Sturdyblogger is perplexed

The answer is: we owe this money, primarily, to the financial sector we went into debt to bail out.

Err, yes.

That\’s what the financial sector does you see, lends money to people.

9 comments on “Sturdyblogger is perplexed

  1. Erm, wasn’t the financial system screwed because it had lent loans of money to people who couldn’t repay it? So the extra cost of bailing out the banks (estimated to be £5-10bn I believe, when its all done and dusted) is neither here nor there when compared to the £1.4tn of personal debt out there.

    Even if you think the taxpayer will not get any of the £150bn it borrowed to pump into the banks back, that would still only be about 10% of the personal debt out there.

  2. Err, no. He means:
    “we owe this money, primarily, to the financial sector that the Labour government bailed out with taxpayers’ money”.

  3. Aren’t the largest sectors holding UK debt pension funds and insurance companies? These weren’t bailed out.

  4. His posts are quite confused really. To give an example, Japan is one of the largest external debtors, but it has bigger external assets, so on a net basis it is a huge external creditor.

  5. Isn’t this concept that ‘we all owe the debt to each other, so its all OK’ a bit flawed? Just because all the debts and assets in a country (say) net off, doesn’t mean that everything is fine.

    The debtors and the creditors are usually totally distinct. You either owe lots of money (via your mortgage and/or personal debt) or you don’t have a mortgage, own your house outright, and maybe have some savings too. Thus if enough debtors default, the creditors lose out too. If a large enough proportion of the debt defaults then we are all screwed because all the money that debt represents is gone. The whole house of cards falls down, which is pretty much what happened in 2007/8.

    Hence the necessity to keep overall debt levels in society below a certain level (what that should be is open to question) in order to prevent it from destabilising the whole economy.

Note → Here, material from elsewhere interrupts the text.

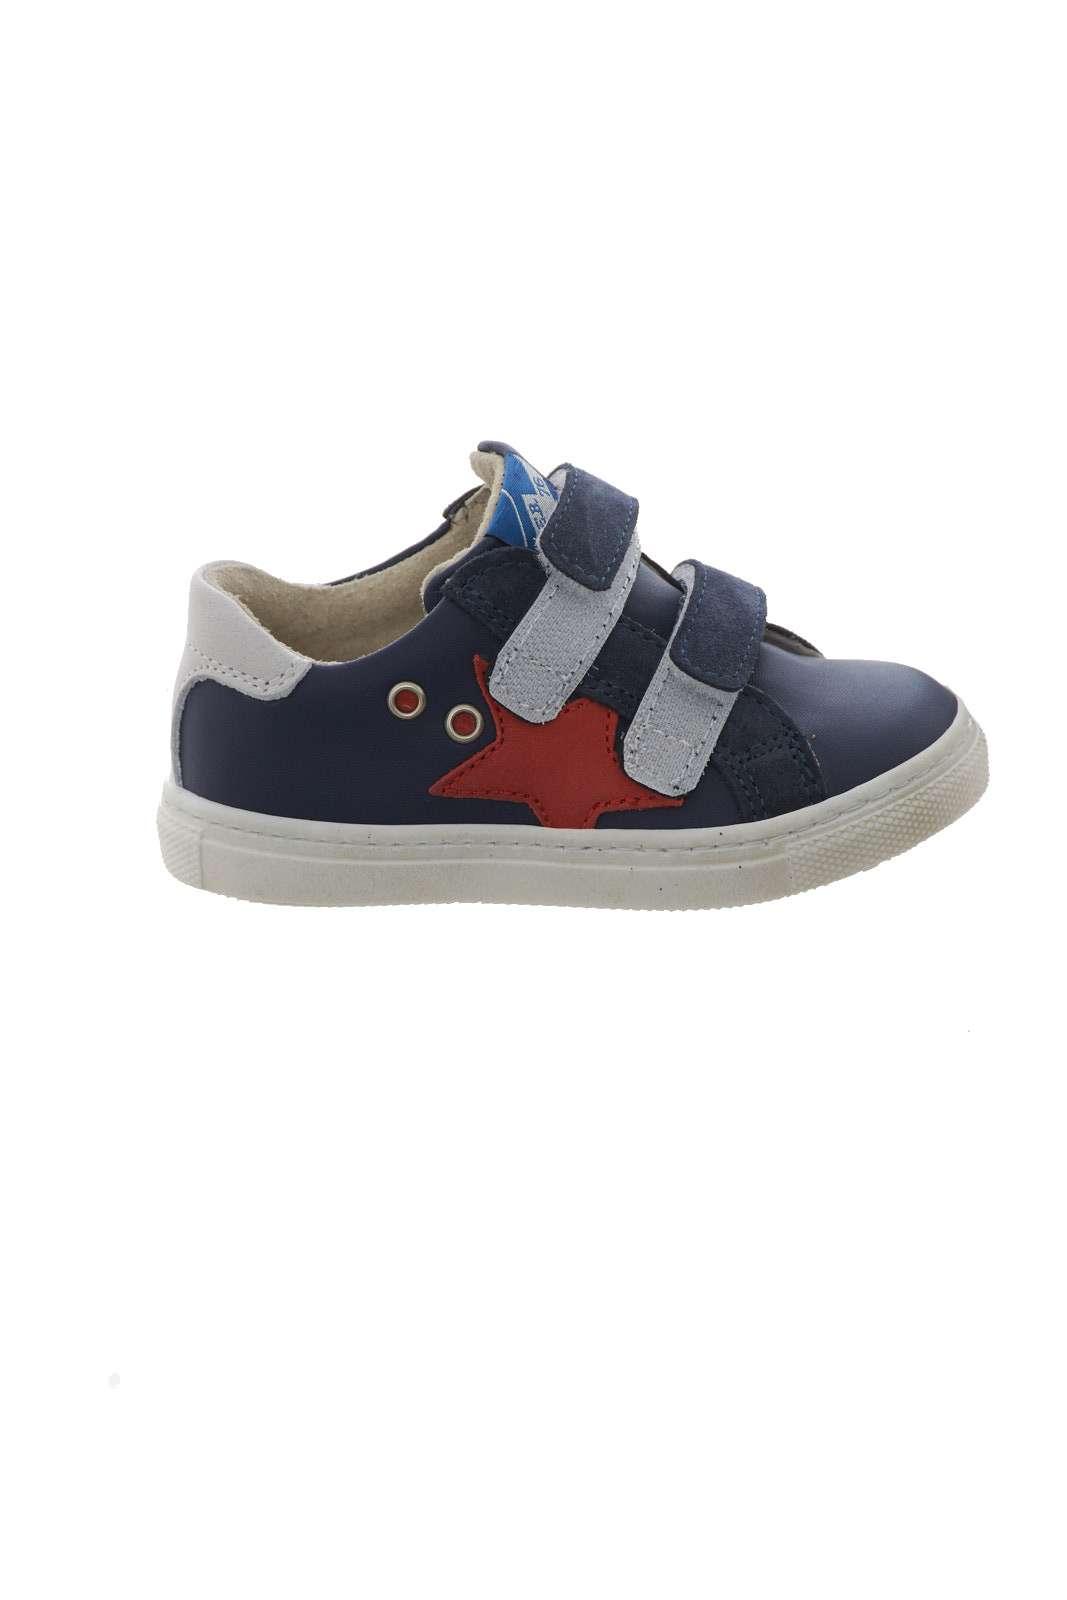 Una sneaker semplice e sportiva con la prestigiosa firma E.B. Shoes. Dal look casual, sarà perfetta per le attività di tutti i giorni del tuo bambino, dalla scuola allo svago, per comodità e stile racchiusi insieme.

  6. I don’t really get what you’re saying, Tim…it seems a valid point:

    1) The Financial Sector needed a large amount of money as a bail-out

    2) The government paid the Financial Sector a large amount of money

    3) The government now owes the Financial Sector a large amount of money to pay back the loan for a large amount of money it paid to the Financial Sector

    Tim adds: Put that way it does seem obvious. However, after the financial sector pays back all those loans (and we sell the shares in the banks etc) we’ll have lost perhaps £5-£10 billion on the whole deal. Might even make a profit. And then after that there’s still the £trillion of the national debt to go….

  7. Hi Tim, thanks for your reply – you’re right, there’s a wider national debt problem (and even £5-10 billion seems quite high to my mind!)

    Genuine couple of questions –

    a) What is the interest on the loans from the government to the financial sector which they’ll pay back (i.e. the interest the financial sector has to pay to the government)?

    b) What is the interest on the loans the government took out to pay the loans to the financial sector (i.e. the interest the government has to pay to the financial sector)?

    The importance probably isn’t the actual figures but whether b) is higher than a); as I say, I genuinely don’t know.

    Tim adds: I don’t know the rates, sorry. Except, I think at least, the government’s not paying any interest because it didn’t actually borrow the money. It printed it. Quantitative Easing, wasn’t it?

  8. The banks didn’t get just loans – they got some money at base rate, some guarantees and the government bought a lot of shares. Of course, the equivalent to interest on a loan, with shares, is your dividend. But one of the conditions of the share purchase was that the banks wouldn’t pay a dividend.

    So, if the bank is profitable enough to potentially pay some money to the shareholders (90% RBS is govt?) but not yet able to buy-back large quantities of its shares (you can pay the ‘interest’ but not all of the capital), it can’t pay any ‘interest’. Hence, it’s shares are less attractive to the non-govt investor, so the share price stays depressed, so the govt can’t make a profit from flogging off the shares either.

    You knew the politicians had bolloxed this up – didn’t you? (And, despite owning bank shares – I think the right thing would have been to let them go under and then step in with the retail deposit protection scheme.)